Directions for this task.
Copy exactly the lines from the line holding "Martha CZ Tennis" through the end of the material, and no others; pictures stay out.

Data.
[Start of section]

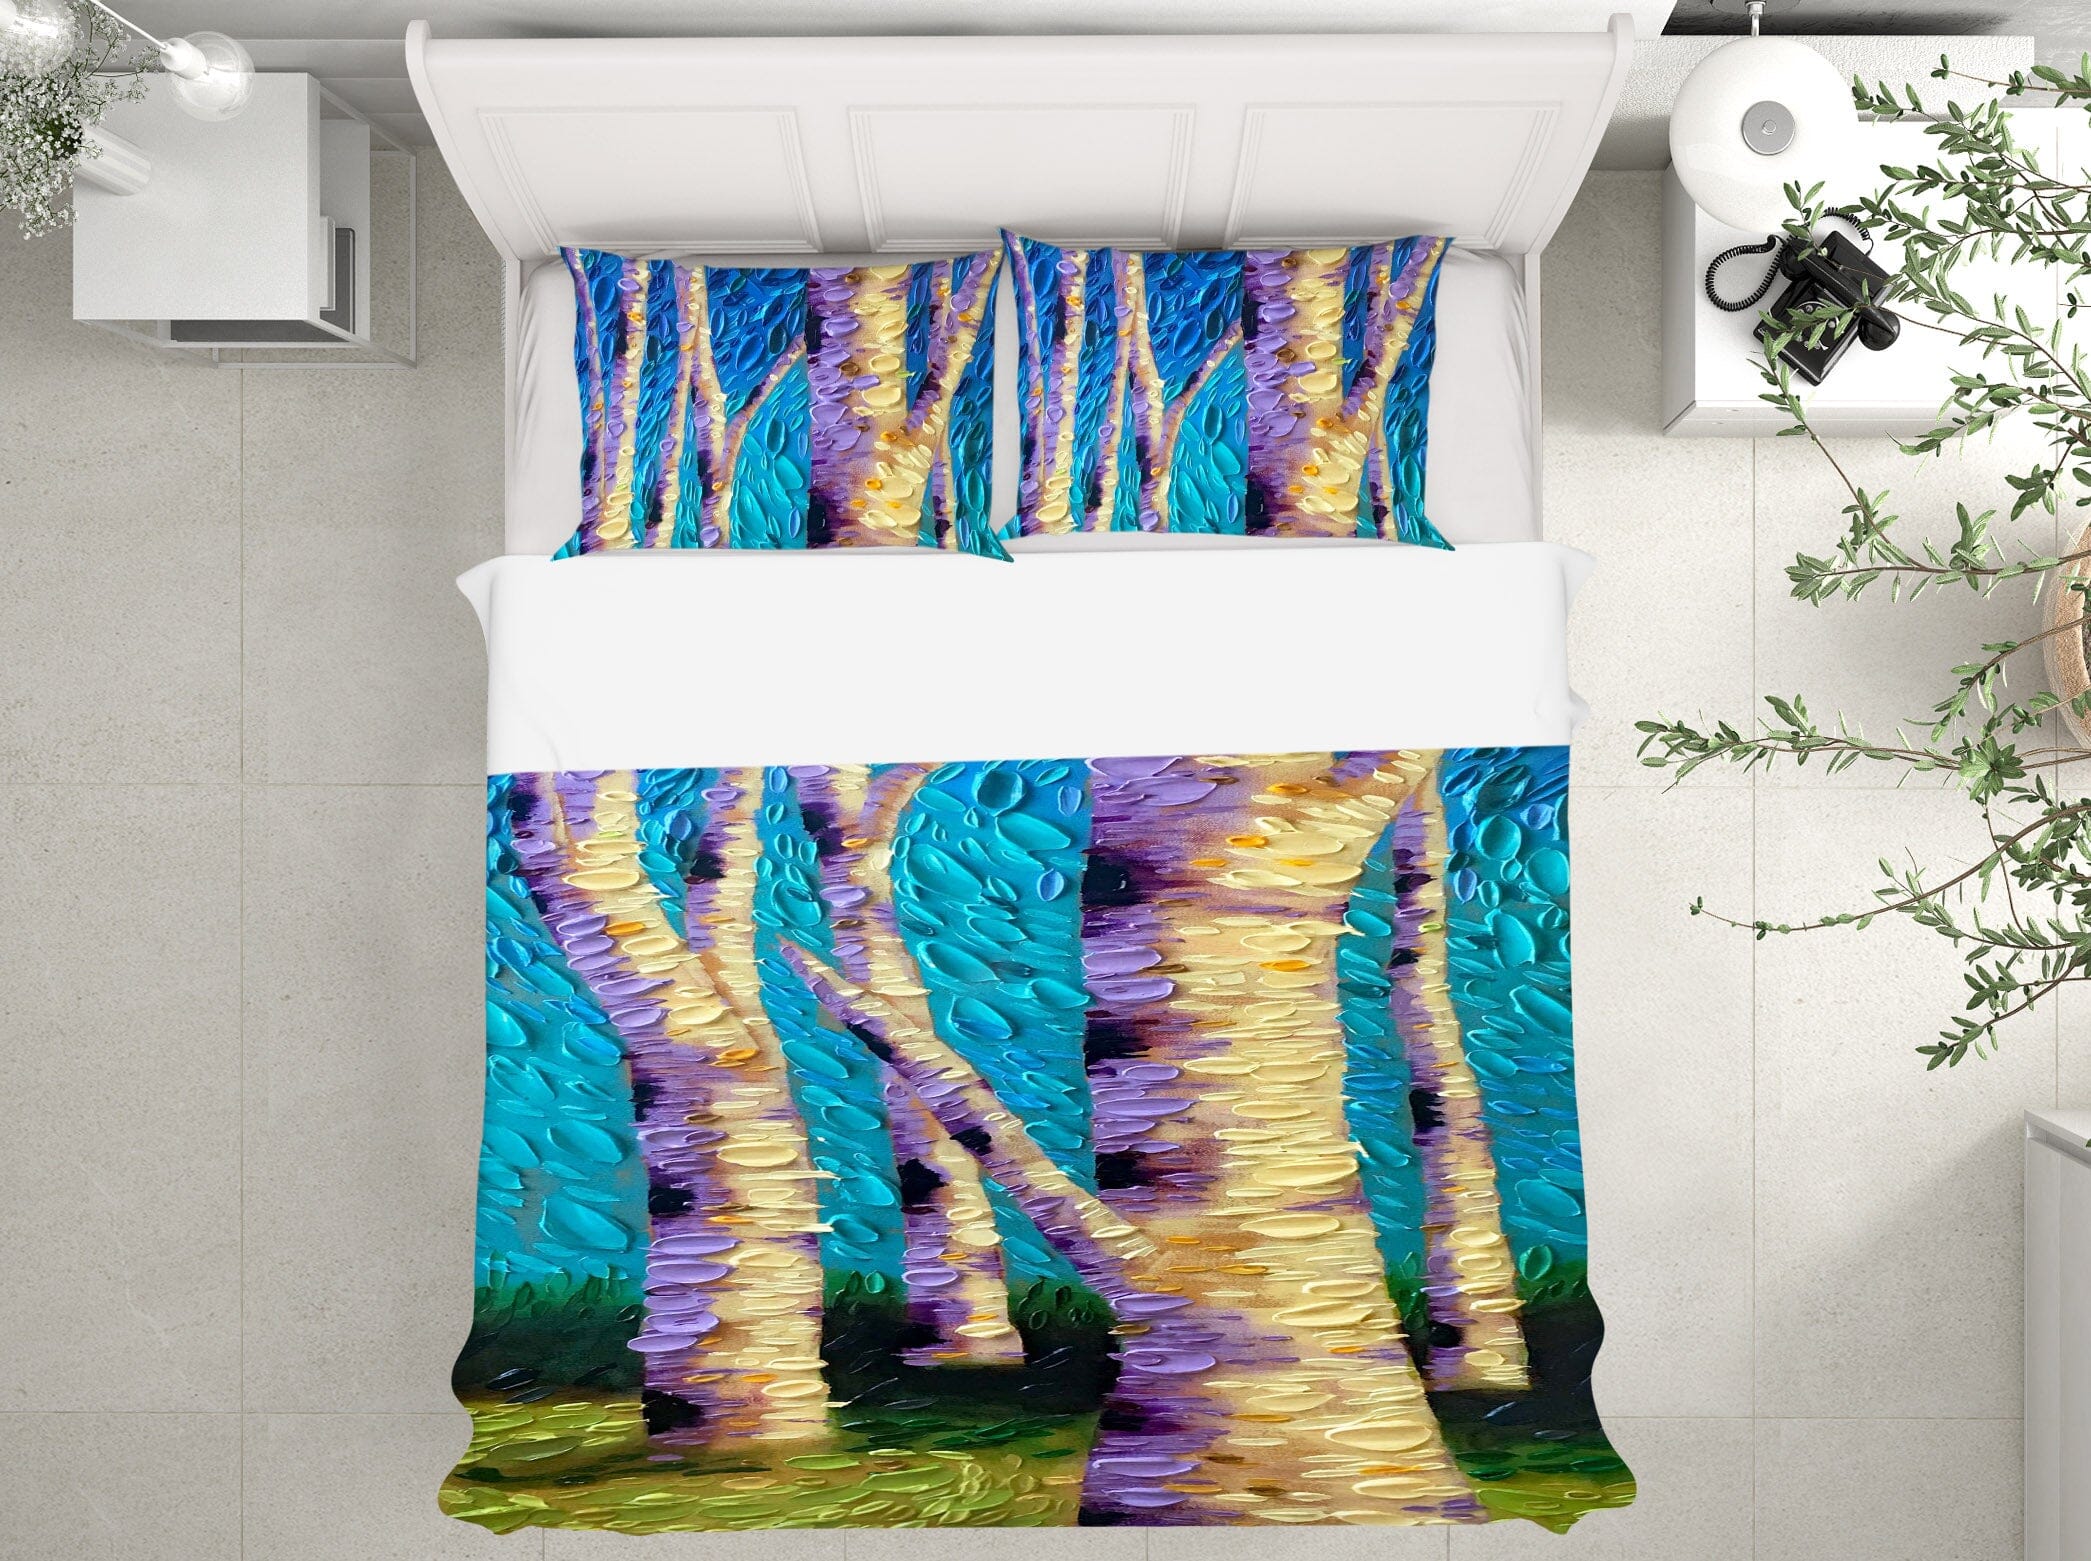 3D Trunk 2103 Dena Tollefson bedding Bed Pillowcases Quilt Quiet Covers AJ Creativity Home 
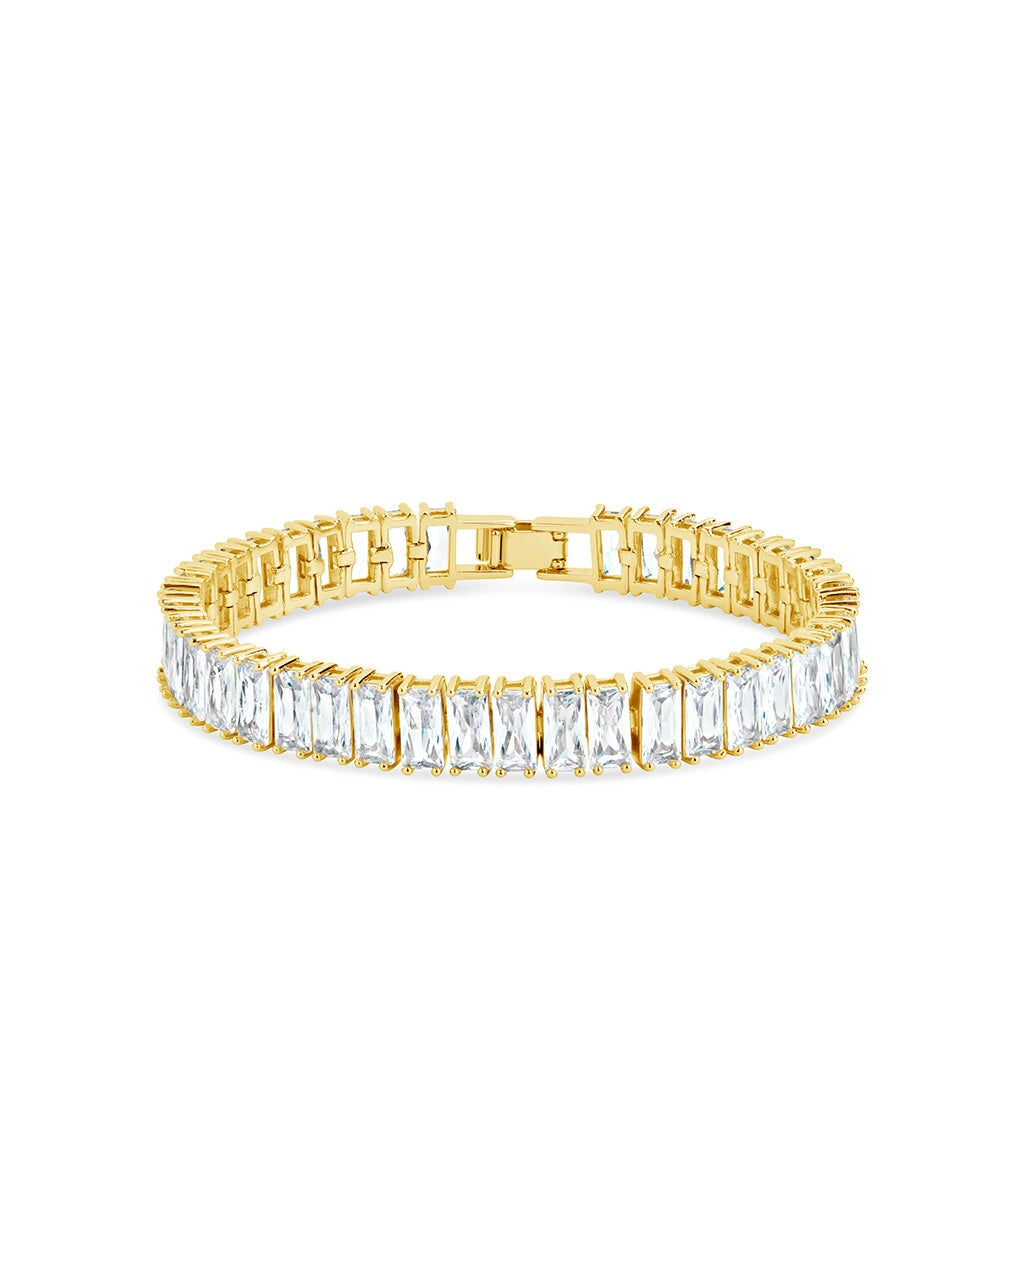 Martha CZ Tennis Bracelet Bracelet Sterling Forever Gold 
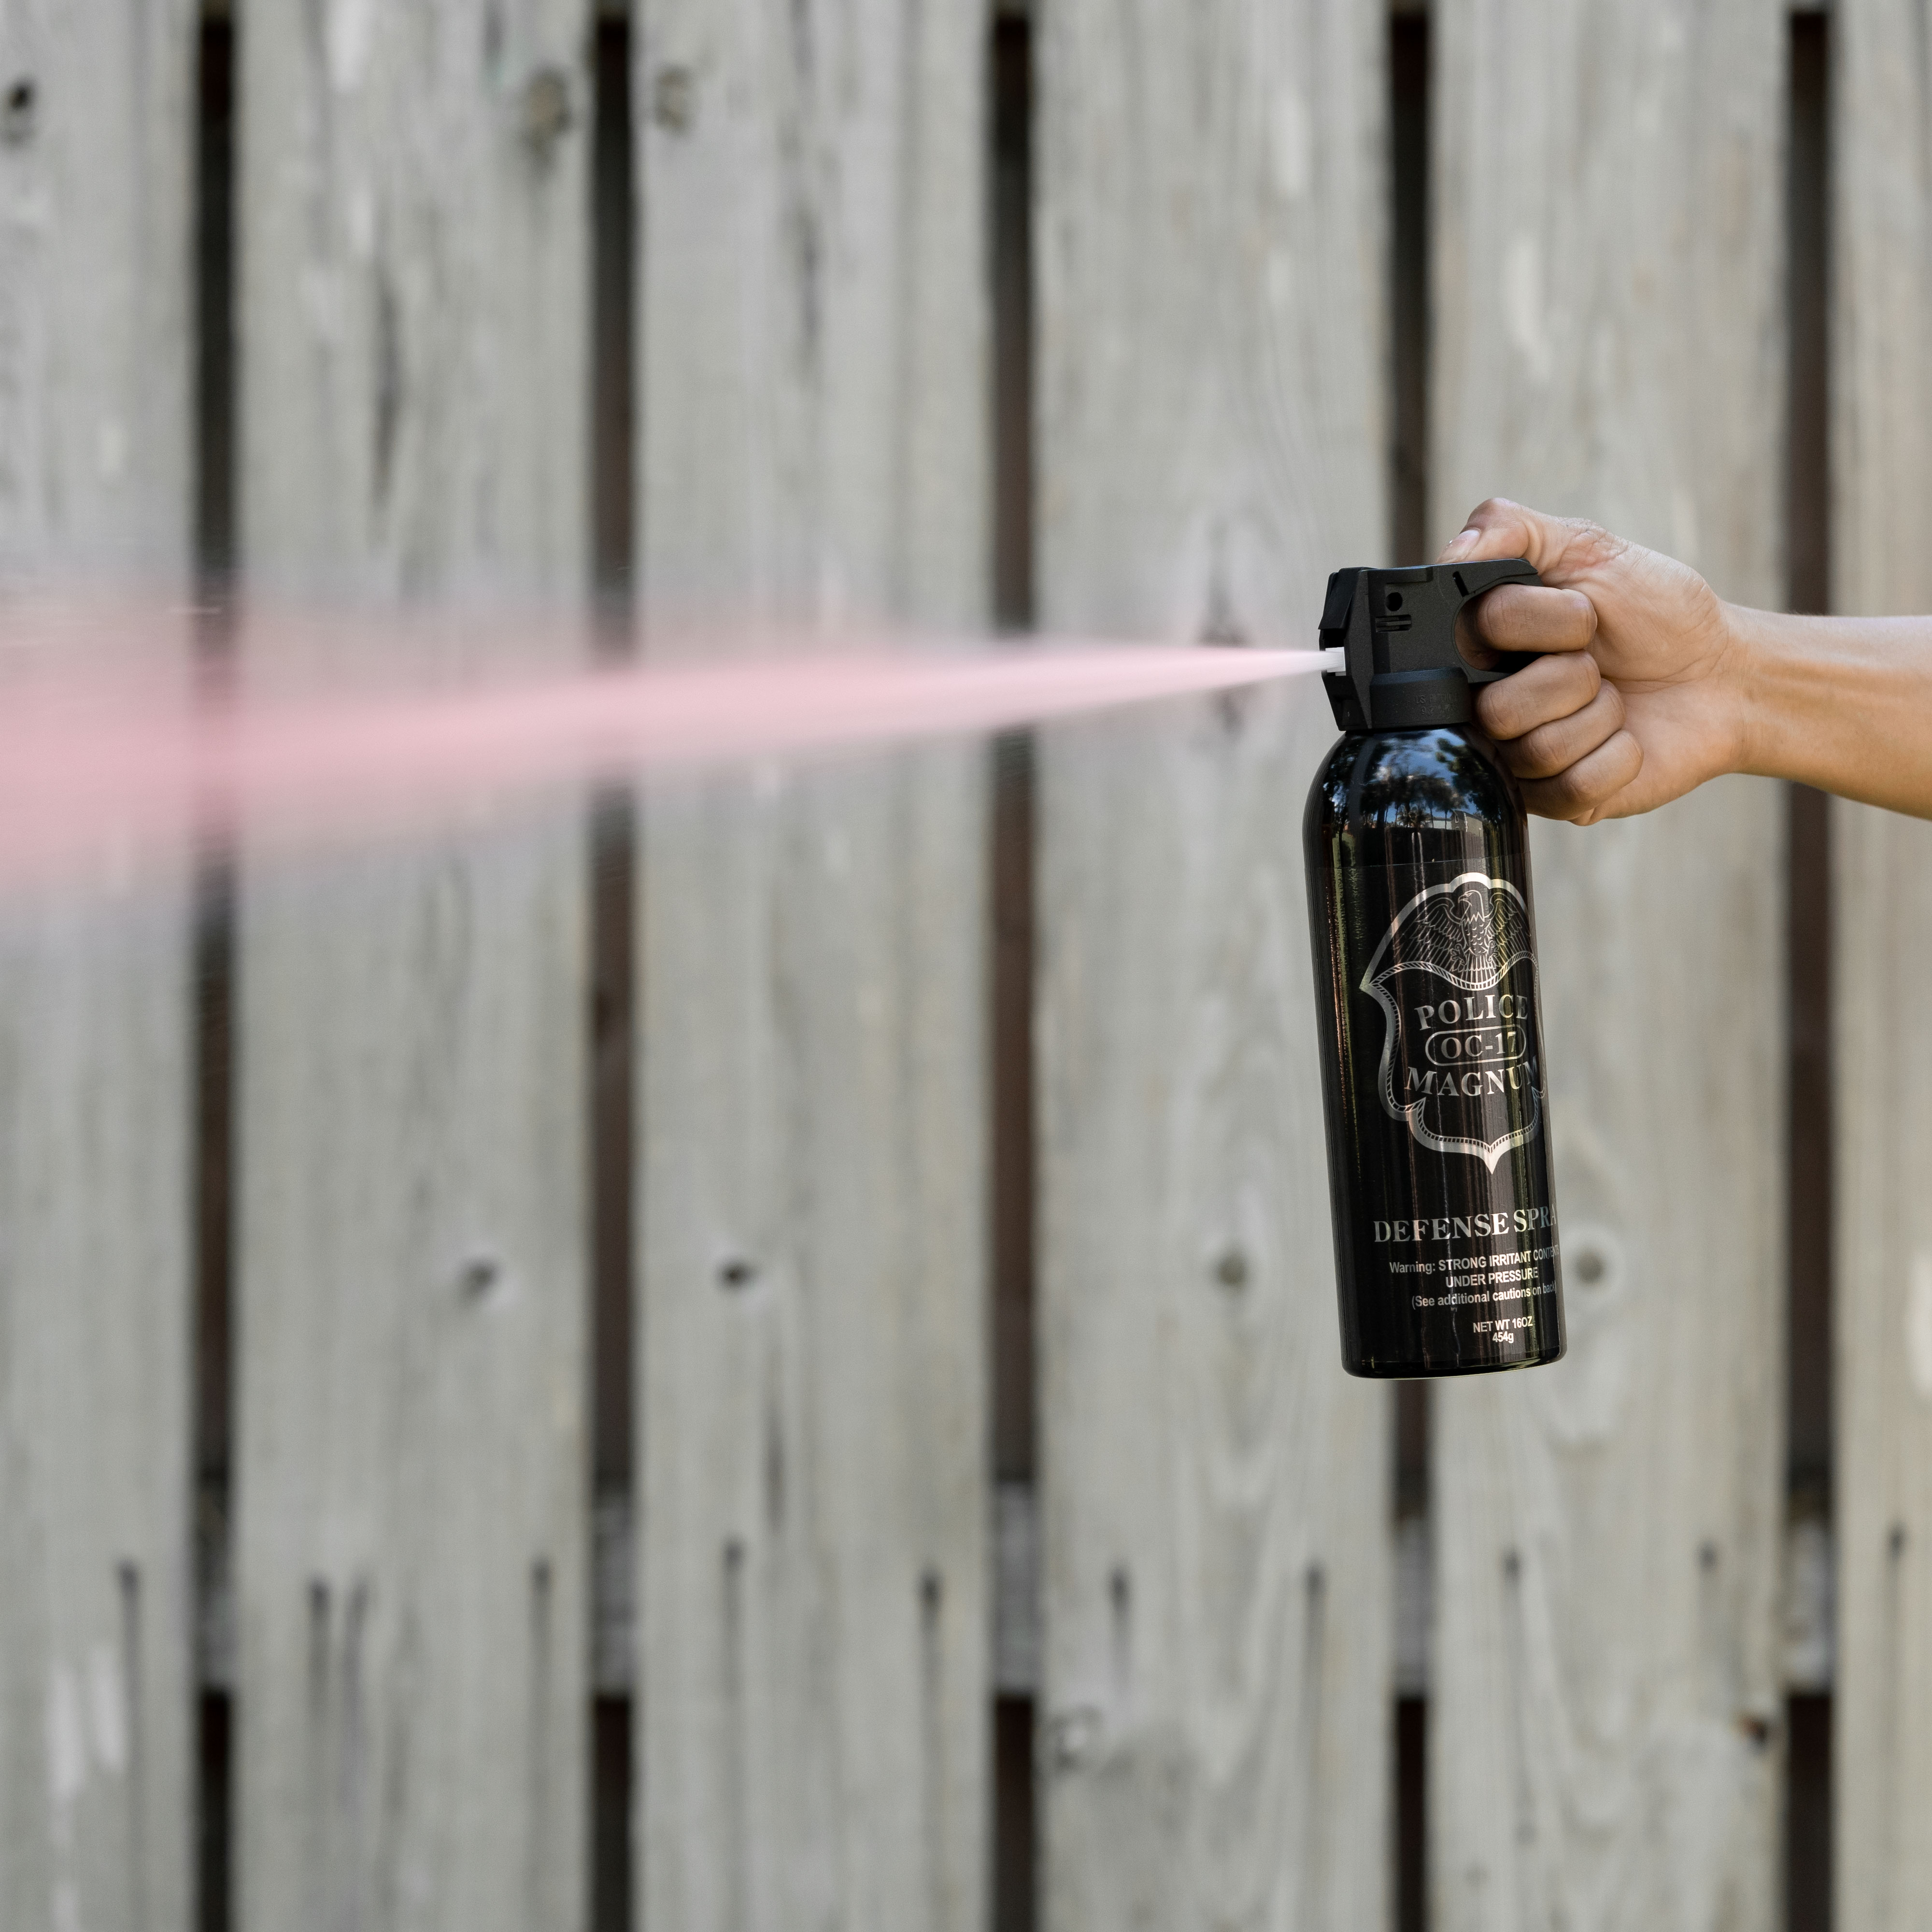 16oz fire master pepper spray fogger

[End of section]

Reply.
 Martha CZ Tennis Bracelet Bracelet Sterling Forever Gold 
 16oz fire master pepper spray fogger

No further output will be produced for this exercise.